More on basic performance

C# and the .NET frameworks allow you to be incredibly productive and write elegant, maintainable code. However, some of these productivity features can just make you productive at writing slow code. “Sparkle” has an internal DOM for working with XAML. We have an XPath-like data structure that lets us make references in that DOM. This path data structure looks a little like a list: it is basically an array of steps, though the operations are quite different so it the OM looks nothing like a list. However, when doing performance analysis I discovered we were allocating and freeing huge numbers of these arrays of steps. I traced it to an implementation that looked something like this:

      class Path

      {

            private Step[] steps;

            public Path(params Step[] steps)

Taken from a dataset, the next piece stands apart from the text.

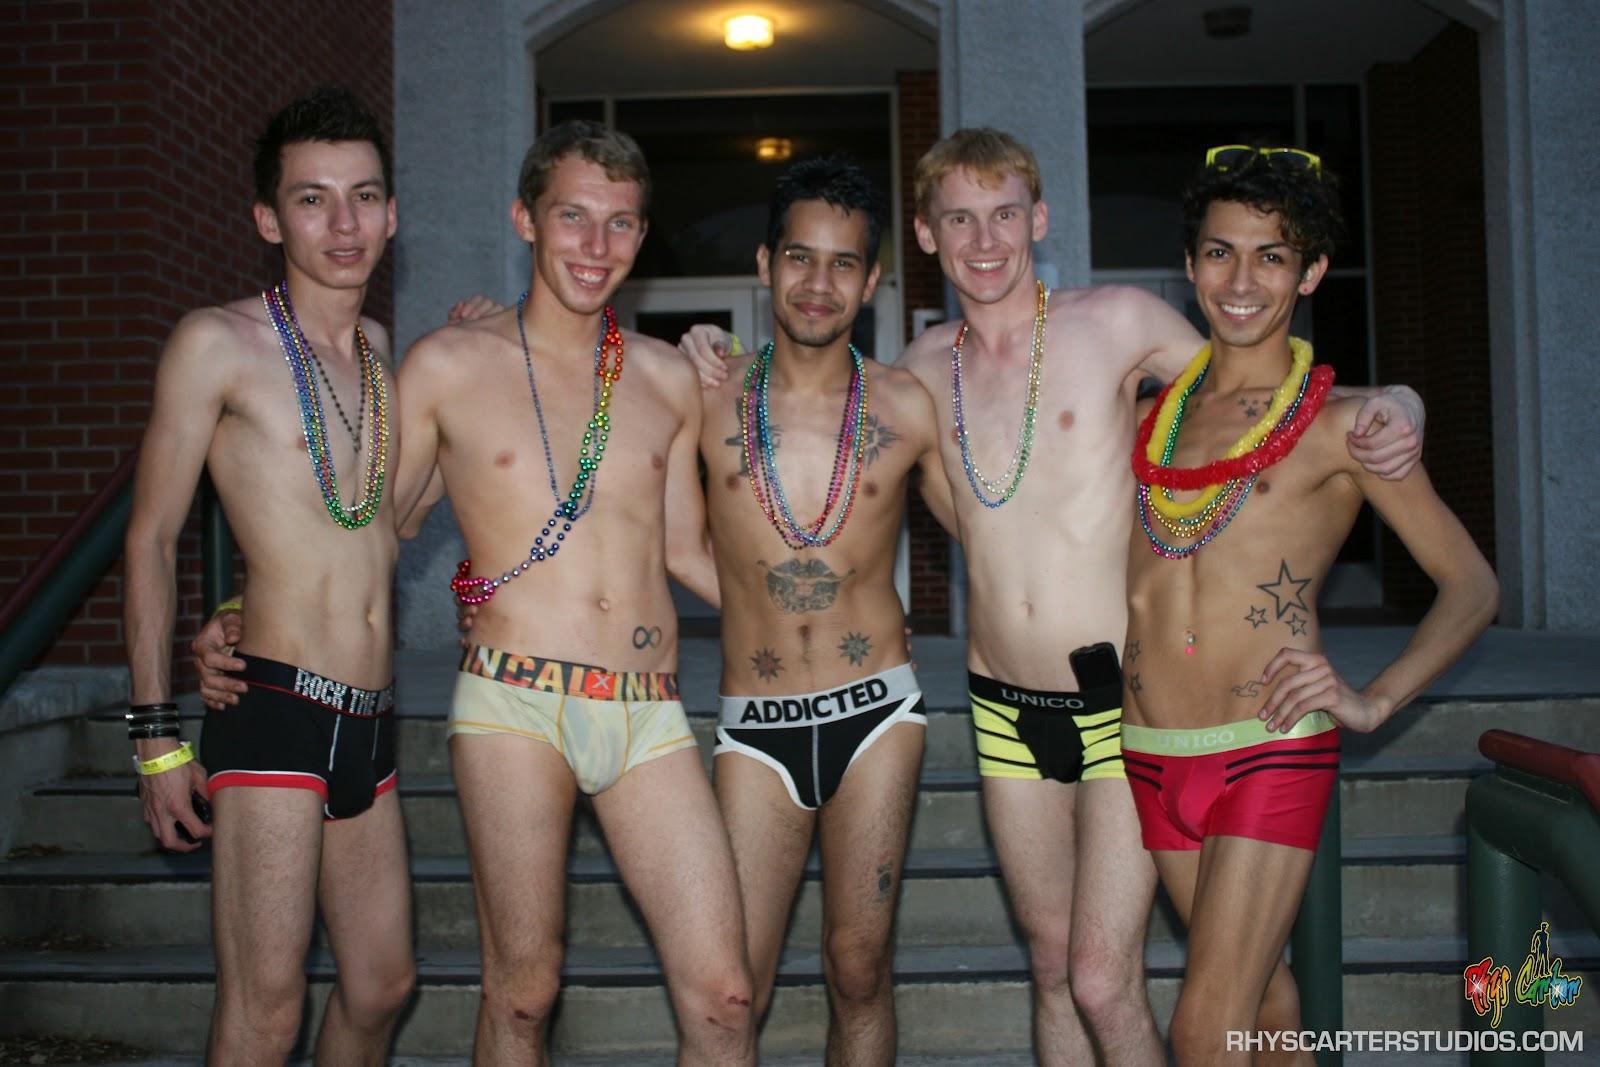 Gay San Antonio map - Gay hotels, bars, parties, saunas

                  : this((ICollection)steps)

            {

            }

            public Path(ICollection steps)

            {

                  this.steps = new Step[steps.Count];

                  int i = 0;

                  foreach (Step step in steps)

                  {

                        this.steps[i++] = step;

                  }

            }

            public Path Append(Step step)

            {

                  List<Step> newSteps = new List<Step>(this.steps);

                  newSteps.Add(step);

                  return new Path(newSteps);

            }

      }

Very commonly we initialized a Path that contained only a single step and then appended new steps. Path is immutable, so you always allocate new ones, as the Append method demonstrates.

Seems like nice simple code. What could possible go wrong? Well consider an example like this:

                  Step step1 = new Step();

                  Step step2 = new Step();

                  step1.StepName = "FirstStep";

                  step2.StepName = "SecondStep";

                  Path path1 = new Path(step1);

                  Path path2 = path1.Append(step2);

Just how much memory do we allocate in this case?

It seems like we should be allocating 2 Steps, 2 Paths and 2 Step[]s, since that is what we want at the end.

But really we allocate 2 Steps, 2 Paths, 6 Step[]s, 2 ArraySZEnumerators, a List<Step> and a List<Step> enumerator. Most of these are short-lived, but in large scenarios they were adding up to megabytes, trashing the caches and making the garbage collector work overtime. There are three problems:

1) the params array is being automatically constructed for us by the compiler and then thrown away (need it be pointed out that a single item array is more expensive than the single item it contains?)

2) By casting to ICollection the compiler has lost the specific type, so it must call GetEnumerator in order to make the foreach work in the second ctor. Even if you’ve implemented your Enumerator correctly as a struct, since it is going through the ICollection interface that returns a general type, it must box it.

3) The Append was allocating an additional List, then the Path ctor was allocating and copying the contents.

All these “features” made the original code easy to write and understand, but slower in a non-obvious way.

Here’s the rewritten, more efficient Path:

      class Path

      {

            private Step[] steps;

            public Path(Step step)

            {

                  this.steps = new Step[1];

                  this.steps[0] = step;

            }

            public Path(Step step1, Step step2)

            {

                  this.steps = new Step[2];

                  this.steps[0] = step1;

                  this.steps[1] = step2;

            }

            private Path(Step[] steps)

            {

                  this.steps = steps;

            }

            public Path Append(Step step)

            {

                  Step[] newSteps = new Step[this.steps.Length + 1];

                  for (int i = 0; i < this.steps.Length; i++)

                  {

                        newSteps[i] = this.steps[i];

                  }

                  newSteps[newSteps.Length - 1] = step;

                  return new Path(newSteps);

            }

      }

Basically the first two constructors handle the most common use cases in our codebase. I additionally have a couple more constructors that handle conversion from other internal data structures we use a lot. Append now works by allocating an array, adding to it and handing what we just allocated over to the Path ctor instead of making another copy. The same example as before allocates less than half as much memory, makes fewer copies and is noticeably faster in our actual scenarios.

Don’t get my advice wrong. Don’t stop using the collection classes in .NET. My second version of Path is trickier and more likely to have bugs of the off-by-one type. However, if you find yourself allocating a lot of memory, take a look at things like these as potential culprits.